Pluripotent embryonic stem cells (ESCs) can differentiate into all somatic cell types, making them a useful platform for studying a variety of cellular phenomena. Furthermore, ESCs can be induced to form aggregates which recapitulate the dynamics of development and morphogenesis. However, many different factors such as gradients of soluble morphogens, direct cell-to-cell signaling, and cell-matrix interactions have all been implicated in directing ESC differentiation. Though the effects of individual factors have been investigated independently, assaying combinatorial effects has proven inherently difficult due to the spatial and temporal dynamics associated with such cues. Dynamic computational models of ESC differentiation can provide powerful insight into how different cues function in combination, both spatially and temporally. By combining particle based diffusion models, cellular agent based approaches, and physical models of morphogenesis, a multiscale rules based modeling framework was created to investigate complex regulatory cues which govern complex morphogenic behavior in 3D ESC aggregates. The objective of this study was to examine how spatial patterns of differentiation by ESCs arise as a function of the microenvironment. The central hypothesis was that heterogeneity associated with soluble morphogens and cell-cell signaling leads to complex spatial patterns in ESC aggregates.
To test this hypothesis, a computational modeling framework capable of modeling diffusive soluble gradients and cell-cell interactions in multicellular aggregates was developed. Agent based modeling (ABM) captured complex spatio-temporal patterns associated with ESC aggregate differentiation, while a mass spring description accurately captured dynamic cellular behaviors such as movement and division. This served to approximate the physical properties of both the cells and the aggregate, while providing a means to keep track of local cell-cell interactions in a network structure. Soluble interactions via paracrine/autocrine signaling mechanisms were tested within a robust lattice-based diffusion solver by modulating parameters associated with soluble and local cell-cell interactions.
One major issue with agent based modeling of cellular aggregates is quantifying the spatial pattern of differentiation in a manner that is amenable to experimental validation. To address this shortcoming, a novel spatial pattern recognition system was developed which utilized network theory to extract meaningful spatial metrics from networks in which cells are represented as nodes, and the connections between cells are edges. Images were converted to networks using a combination of image analysis algorithms and custom code to create digital networks. By describing the experimental images and computational results in a common space, quantitative comparisons between spatial images and computational models were performed. This technique uncovered a putative paracrine mechanism which could explain size-dependent differences in differentiation of ESC aggregates.
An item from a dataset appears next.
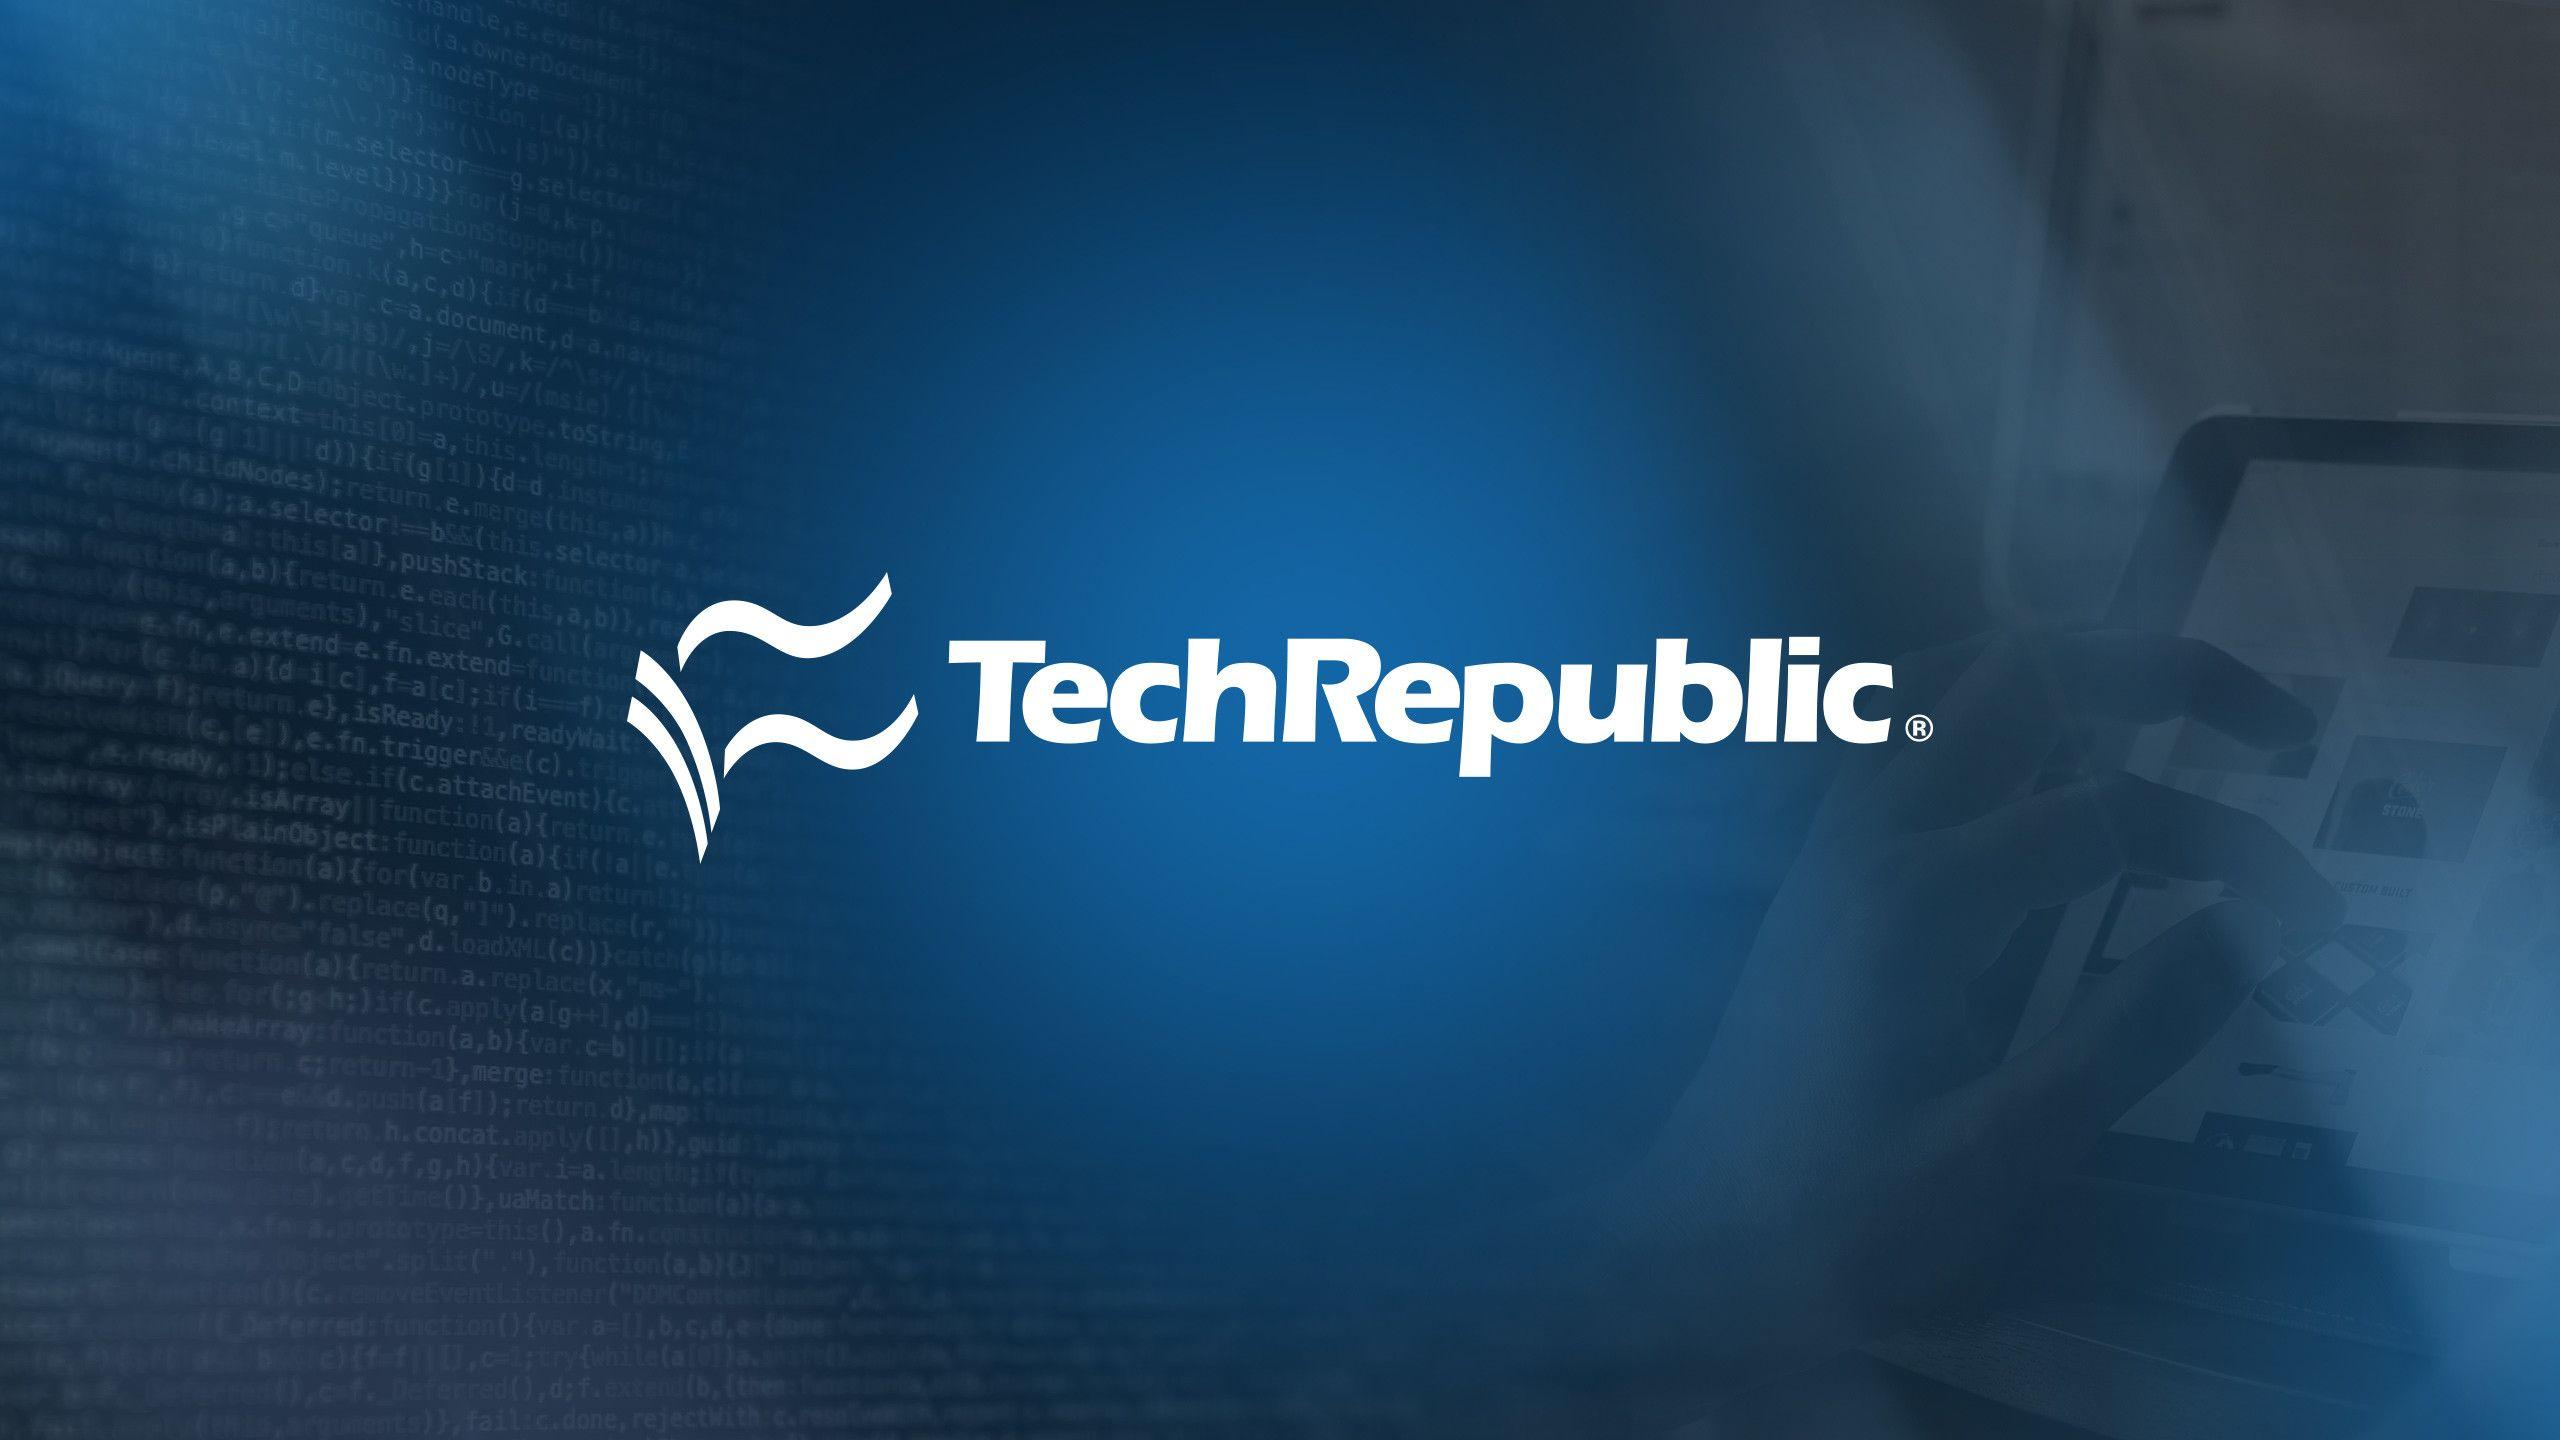 TechRepublic Logo - TechRepublic | LinkedIn

To further probe the molecular mechanism which could lead to pattern formation in early differentiation of ESC aggregates, a multiscale stochastic ordinary differential equation (ODE) system was constructed. This model included mechanisms for soluble LIF signaling and FGF4 signaling, which are produced by ESCs during the differentiation process. The stochastic ODE based model created in this study captured a wide range of spatial patterns, and showed that FGF4 signaling and inherent stochasticity associated with expression of the pluripotency associated transcription factor Nanog play a key role in modulating spatial pattern associated with differentiation. This model provides key insight into why cellular aggregates cultured in different conditions may display different spatial differentiation signatures.
This study further demonstrated the modulatory of network based spatial pattern classification and tested a variety of input image types (2D images, 3D confocal stacks, and 2D histological sections) and a wide range of model systems (mesenchymal and neural differentiation in ESC aggregates and gastrulation in cichlid fish). In the context of cichlid fish, this technique was able to segregate fish into different stages of gastrulation based on spatio-temporal differences in protein and RNA expression. Network derived metrics significantly improved classification of mesenchymal phenotypes, and enabled comparisons across different experiments to describe patterns associated with mesenchymal phenotypes in histological samples. Furthermore, this approach predicted novel feedback mechanisms which can help explain the switch from motor neuron production to oligodendrocyte production (the glial switch) in neural differentiation.
This work represents the first attempt to understand emergent dynamic differentiation patterning that result from integration of multiple cues governing ESC aggregate morphogenesis in 3D via computational modeling strategies. Furthermore, this network approach represents a significant and novel advance in the field of pattern recognition and quantitative biology as the first pattern classification platform which utilizes single cell spatial information and modularly compares across multiple systems of interest.